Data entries

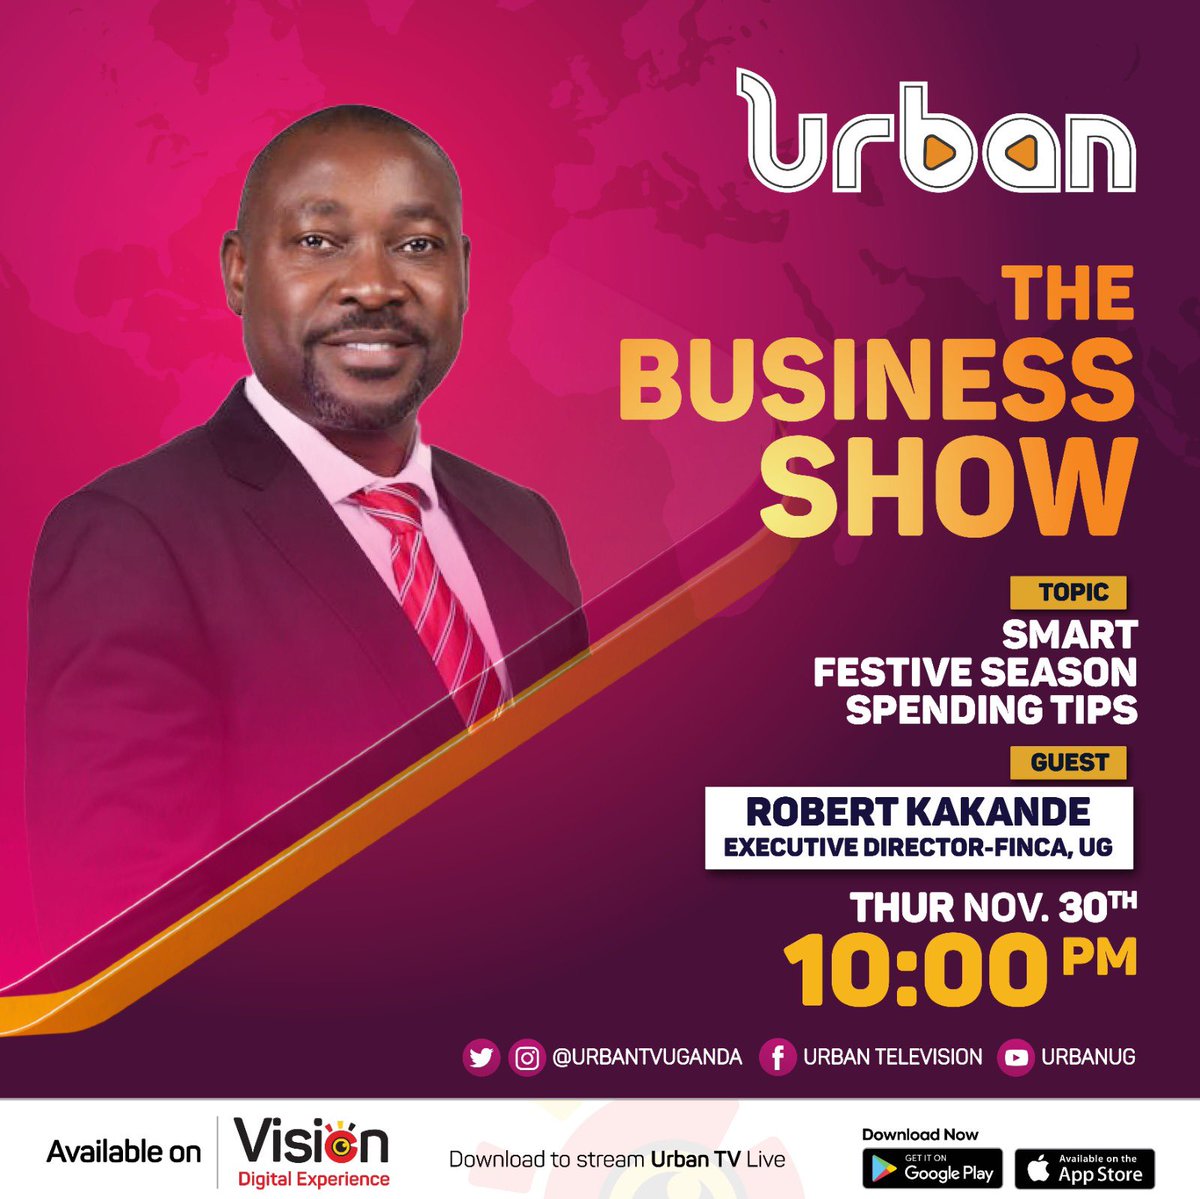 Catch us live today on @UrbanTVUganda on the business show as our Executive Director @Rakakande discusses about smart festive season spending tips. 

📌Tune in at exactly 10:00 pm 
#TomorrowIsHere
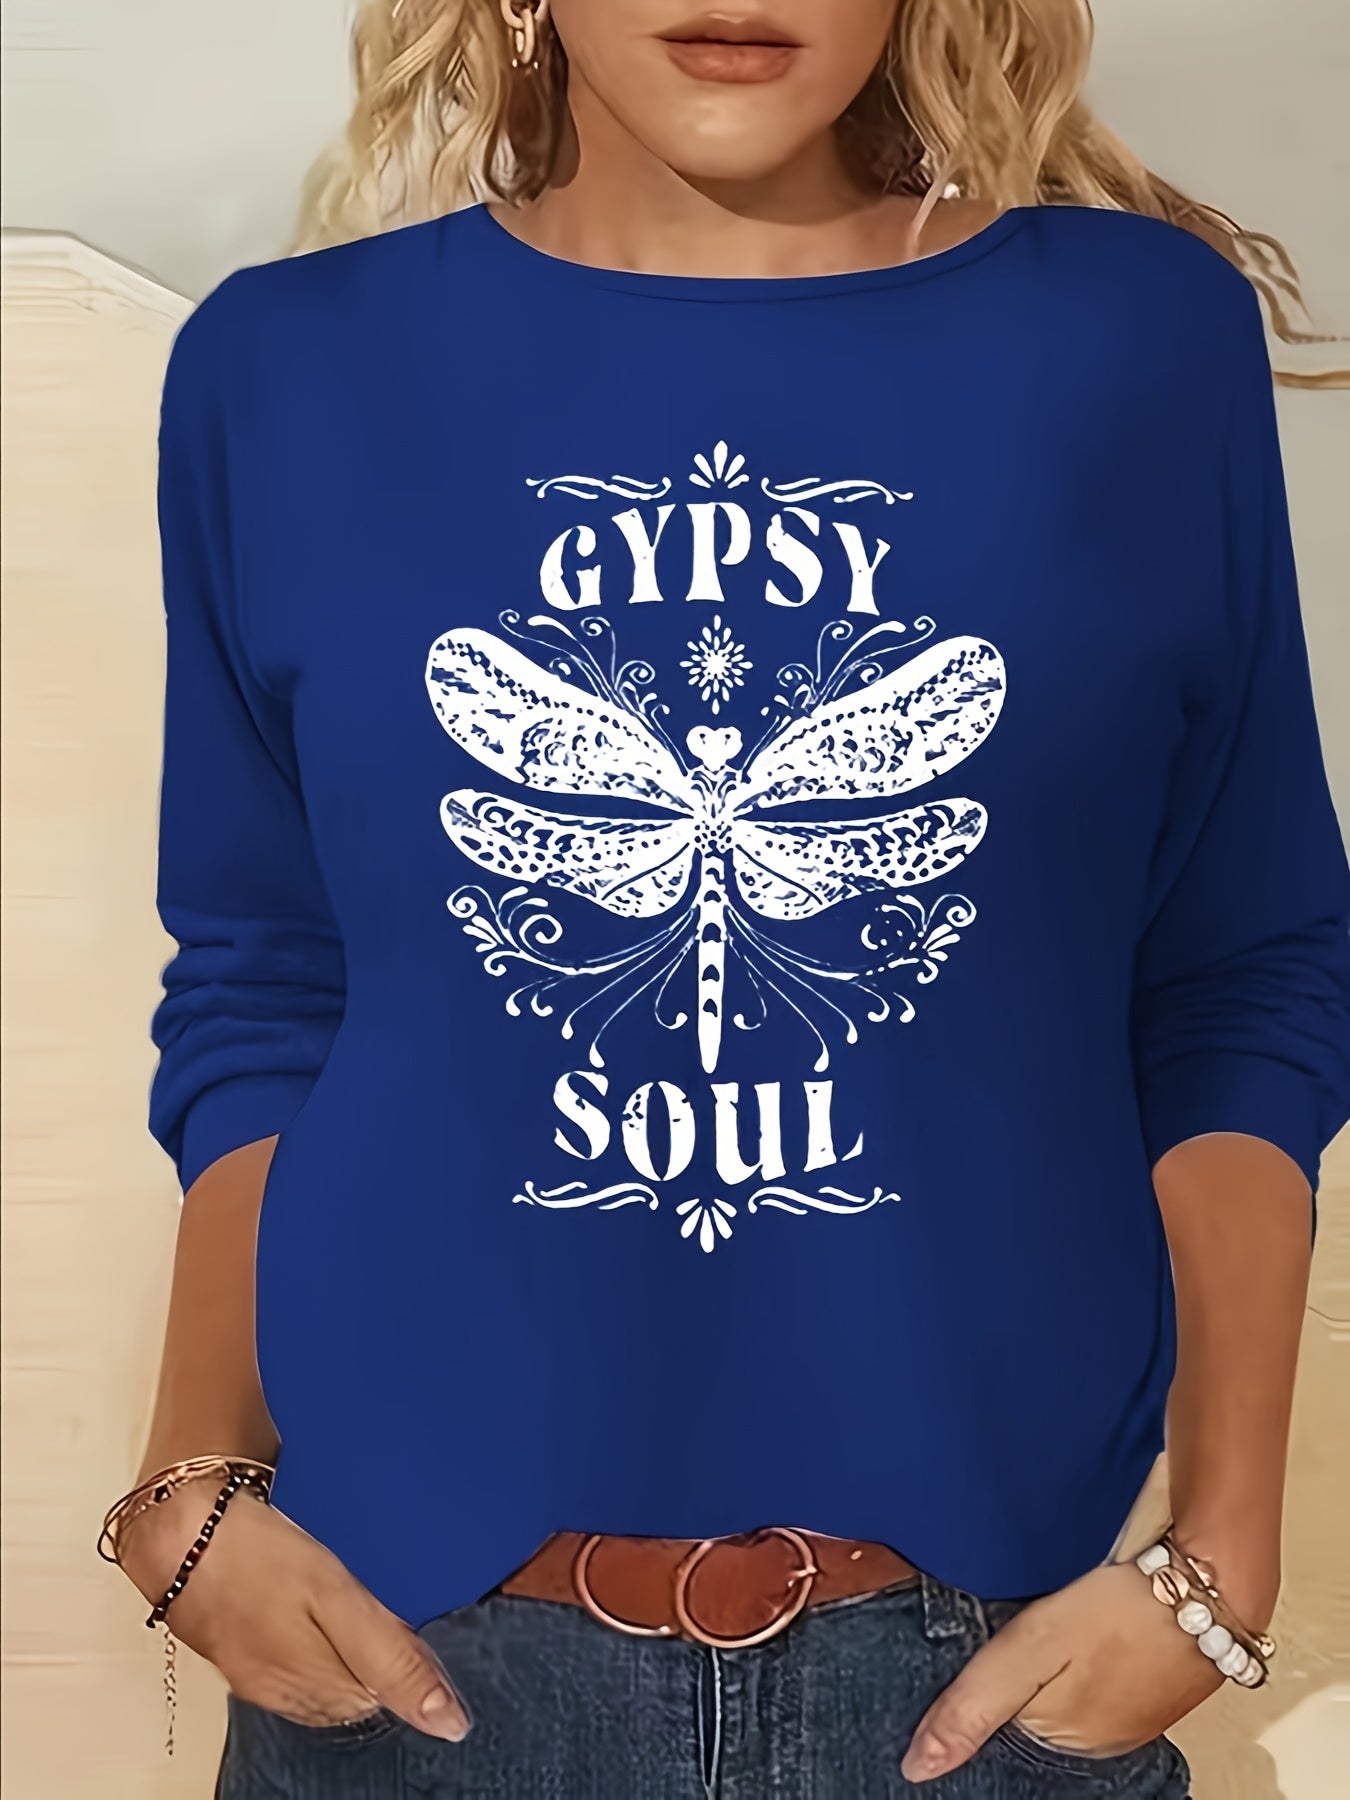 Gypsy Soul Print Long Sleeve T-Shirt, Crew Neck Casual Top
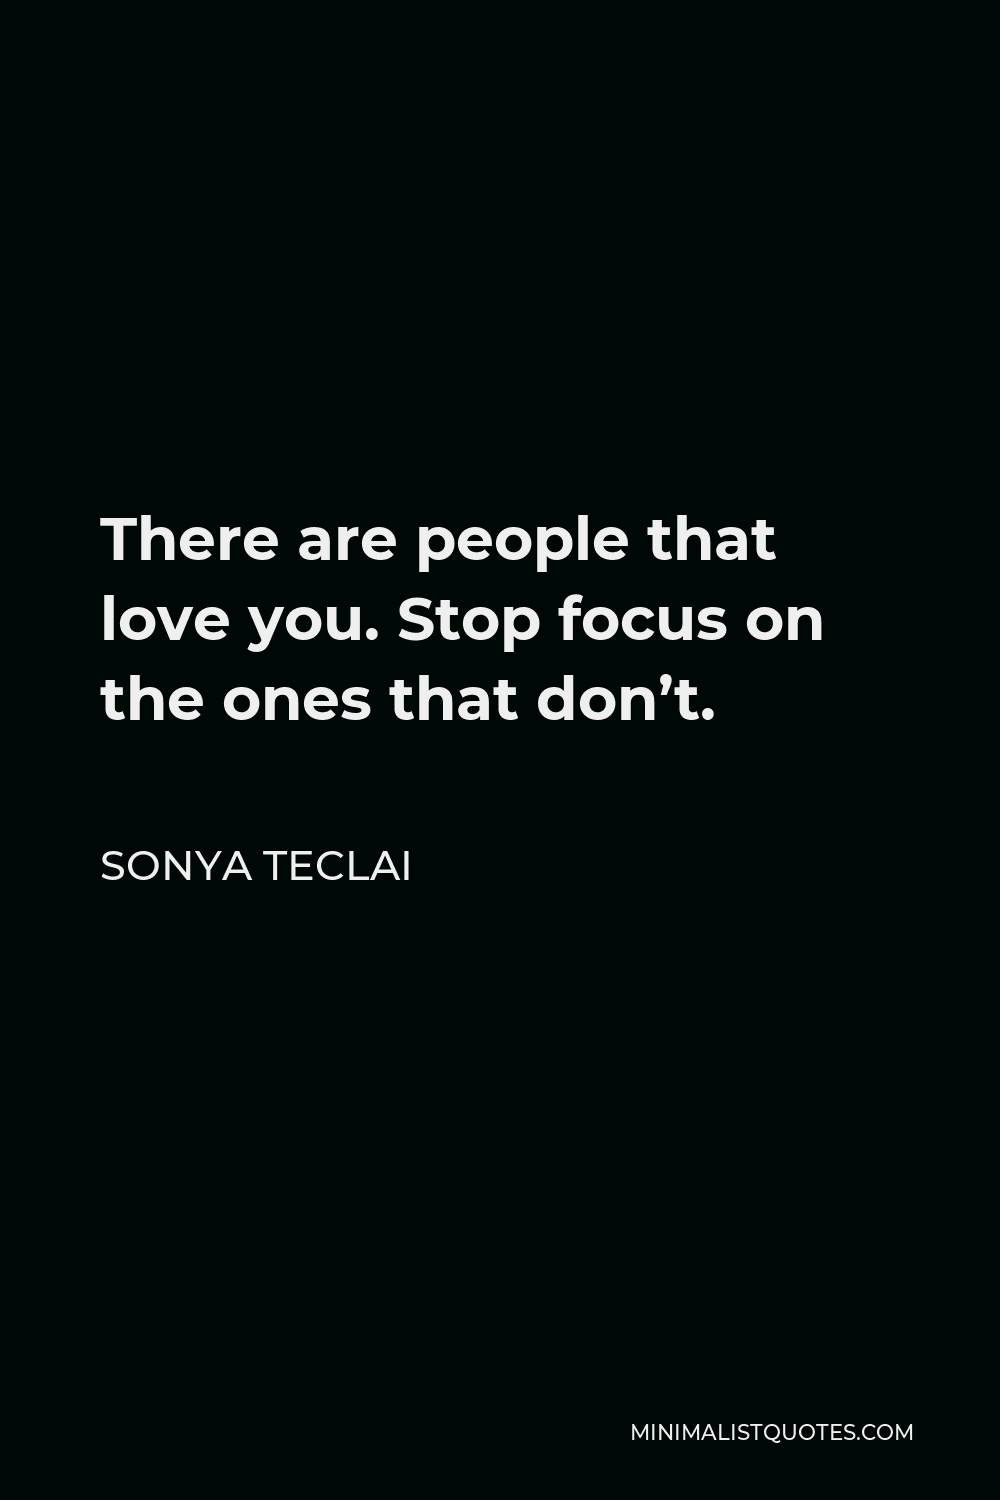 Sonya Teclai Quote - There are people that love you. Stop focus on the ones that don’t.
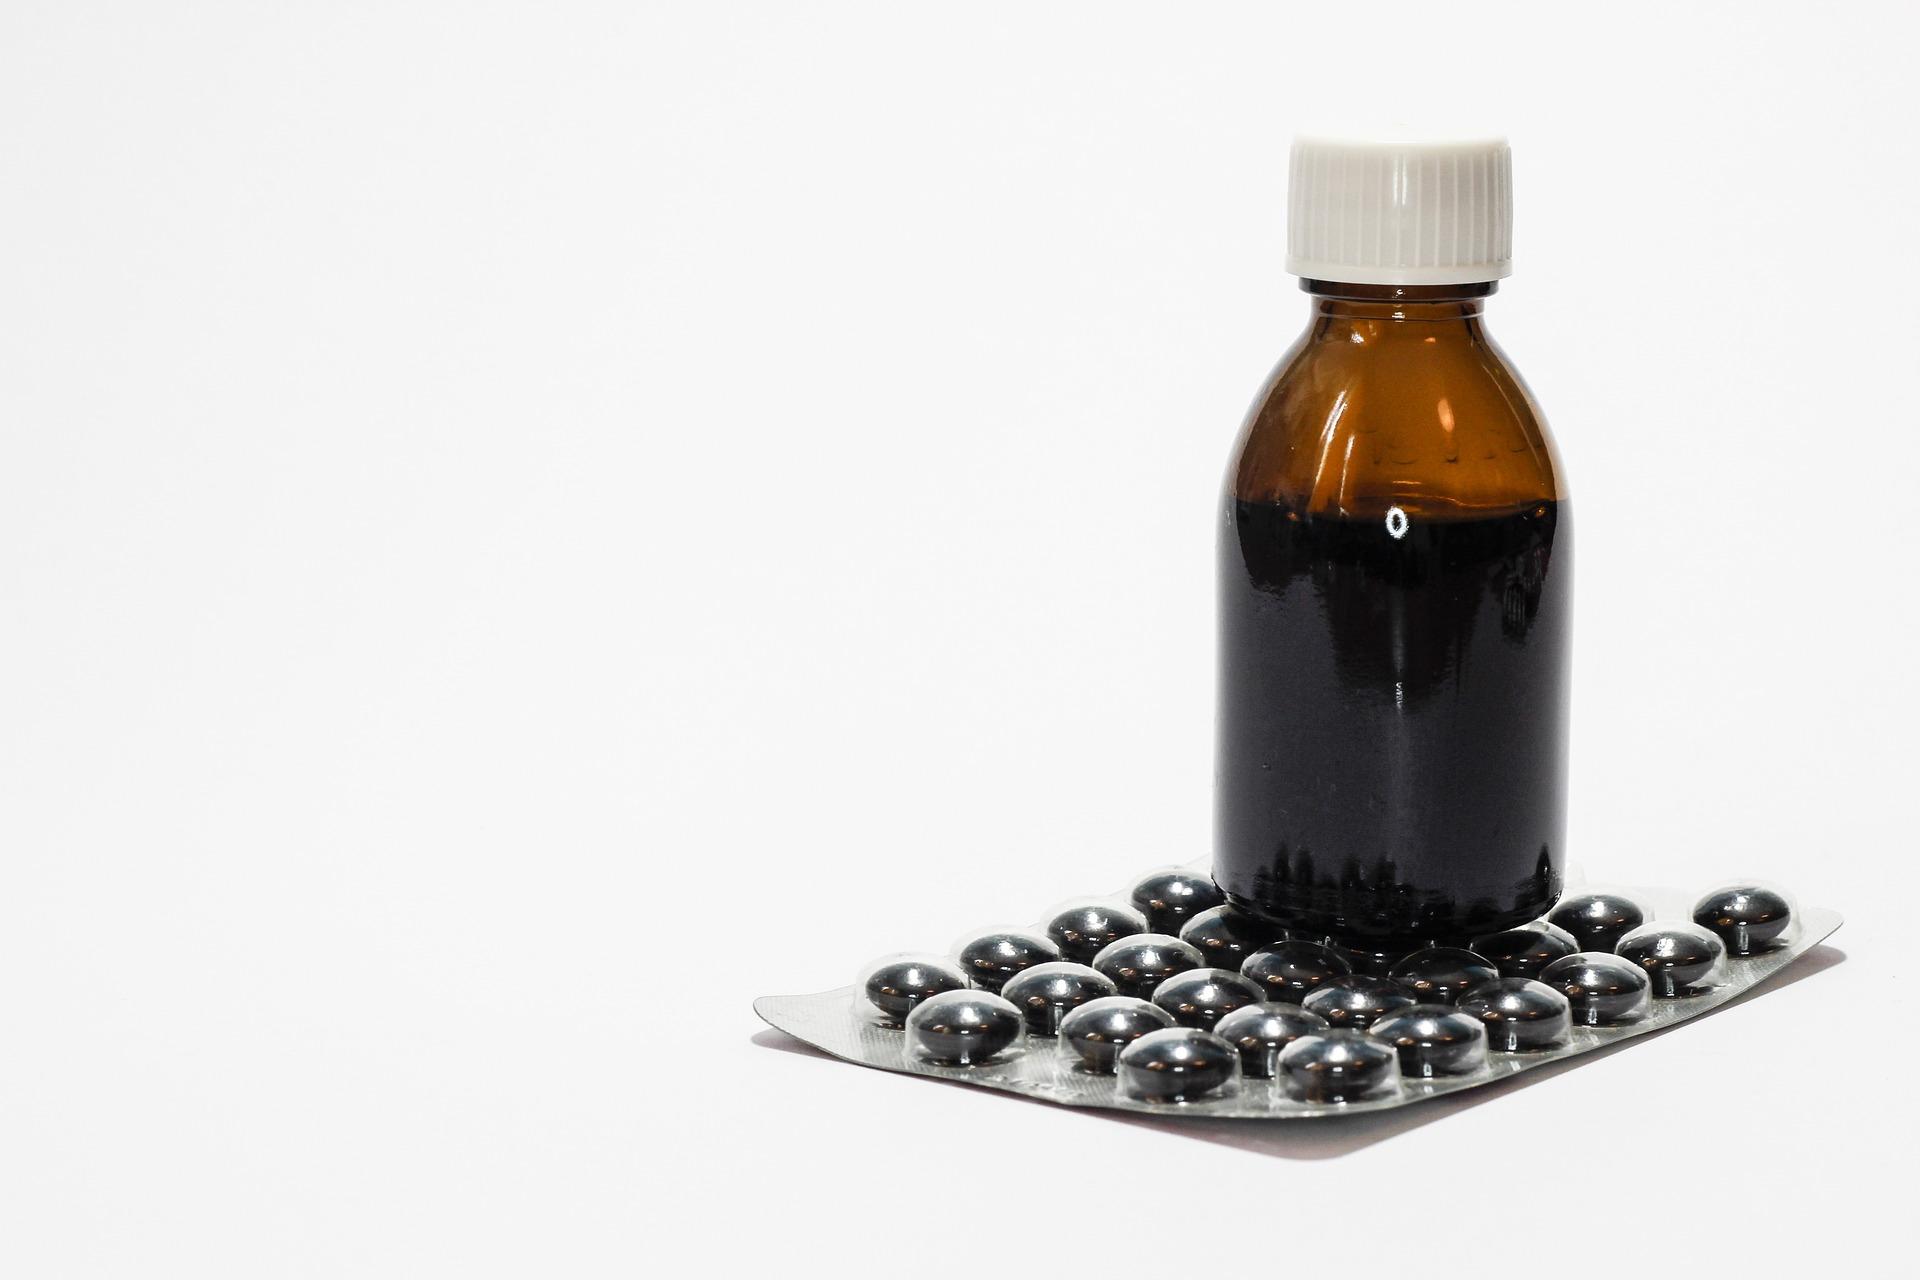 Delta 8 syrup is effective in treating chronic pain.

◆ **Work to complete**:
Without the pictures, retype all of the data above exactly.

◆ **Task solution**:
 Catch us live today on @UrbanTVUganda on the business show as our Executive Director @Rakakande discusses about smart festive season spending tips. 

📌Tune in at exactly 10:00 pm 
#TomorrowIsHere
 Gypsy Soul Print Long Sleeve T-Shirt, Crew Neck Casual Top
 Sonya Teclai Quote - There are people that love you. Stop focus on the ones that don’t.
 Delta 8 syrup is effective in treating chronic pain.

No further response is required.